I agree, if the fish you want to put with the oscar will fit in its mouth then it's probably not a good choice. The oscar I had shared his 90g with 1 convict and 3 jewels and he was the boss of the tank.


----------



## eternity302 (Apr 22, 2010)

I have an oscar... it's been awhile.. he was in my 60 gallon long ago! Lived with a green terror for over a year.. one was 8" and the other was rougly 6"?
He snapped one day and ate him.. but he never ate the feeders I bought him.. wouldn't even hurt a guppy!
Gave it a few months and tried it with a severum rougly the same size.. perfectly fine.. still didn't wanna hurt a feeder goldfish.. came home one day.. found the tail of the severum sticking out of his mouth..!
And right now he resides with his new bestfriend a 2" convict... it's been 3 months... still nothing happening... but I'm guessing it's a matter of time!


----------



## Death's Sting (Apr 21, 2010)

don't buy anymore fish until u upgrade. otherwise, silver dollars make good tankmates. a 65 gallon is way too small for a O and GT.


----------



## bettyboop (Jun 4, 2010)

Hey, thanks for all the insights! I probably wont keep this oscar when he gets too big. I never even thought of silver dollars, I do like them, thanks deathsting.


----------



## Death's Sting (Apr 21, 2010)

bettyboop said:


> Hey, thanks for all the insights! I probably wont keep this oscar when he gets too big. I never even thought of silver dollars, I do like them, thanks deathsting.

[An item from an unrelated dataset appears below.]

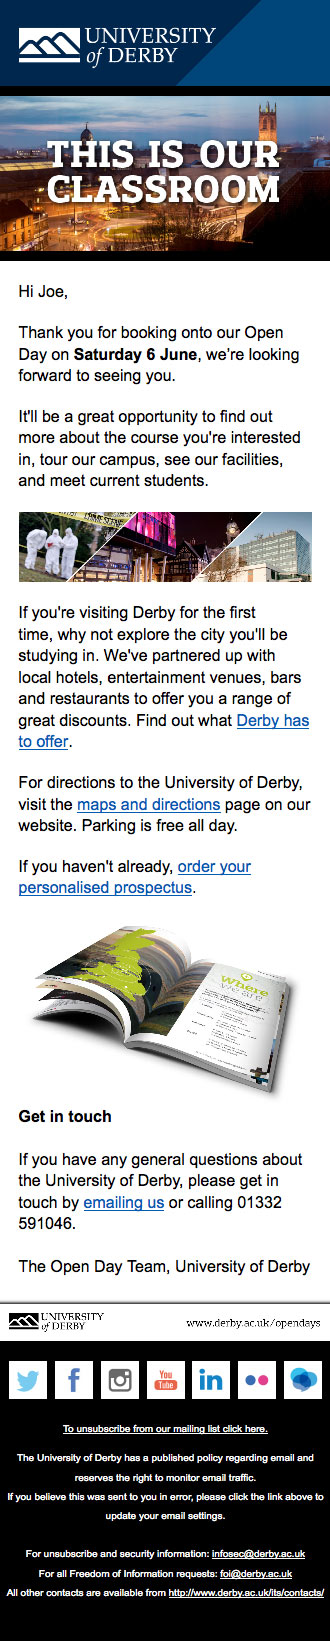 University of Derby email responsive

Ur welcome! thats what i keep with mine:


----------



## bettyboop (Jun 4, 2010)

He/she is very beautiful!! I really like Oscars.


----------



## TCR (Jul 13, 2010)

I used to have an oscar and 1 big gt and one small one and they seemed fine. Very messy fish tho


----------



## gimlid (Apr 23, 2010)

eternity302 said:


> I have an oscar... it's been awhile.. he was in my 60 gallon long ago! Lived with a green terror for over a year.. one was 8" and the other was rougly 6"?
> He snapped one day and ate him.. but he never ate the feeders I bought him.. wouldn't even hurt a guppy!
> Gave it a few months and tried it with a severum rougly the same size.. perfectly fine.. still didn't wanna hurt a feeder goldfish.. came home one day.. found the tail of the severum sticking out of his mouth..!
> And right now he resides with his new bestfriend a 2" convict... it's been 3 months... still nothing happening... but I'm guessing it's a matter of time!


I have never seen an oscar bag a convict and have see many try. Maybe when they are still very young and small.


----------



## jay_leask (Apr 22, 2010)

i have a 8" O with a 4" or 5" green terror, clown loaches and alot of other fish. i have had good luck with most of the oscars i have kept. i have only had one that would absolutely would not let me put anything else in the tank with it and the already established tankmates. i put a 4" TSN in and thought it would be fine and as soon as it hit the water it was in its mouth.


----------



## eternity302 (Apr 22, 2010)

gimlid said:


> I have never seen an oscar bag a convict and have see many try. Maybe when they are still very young and small.


Well.. they've been together for a long time... i hope it stays that way!


----------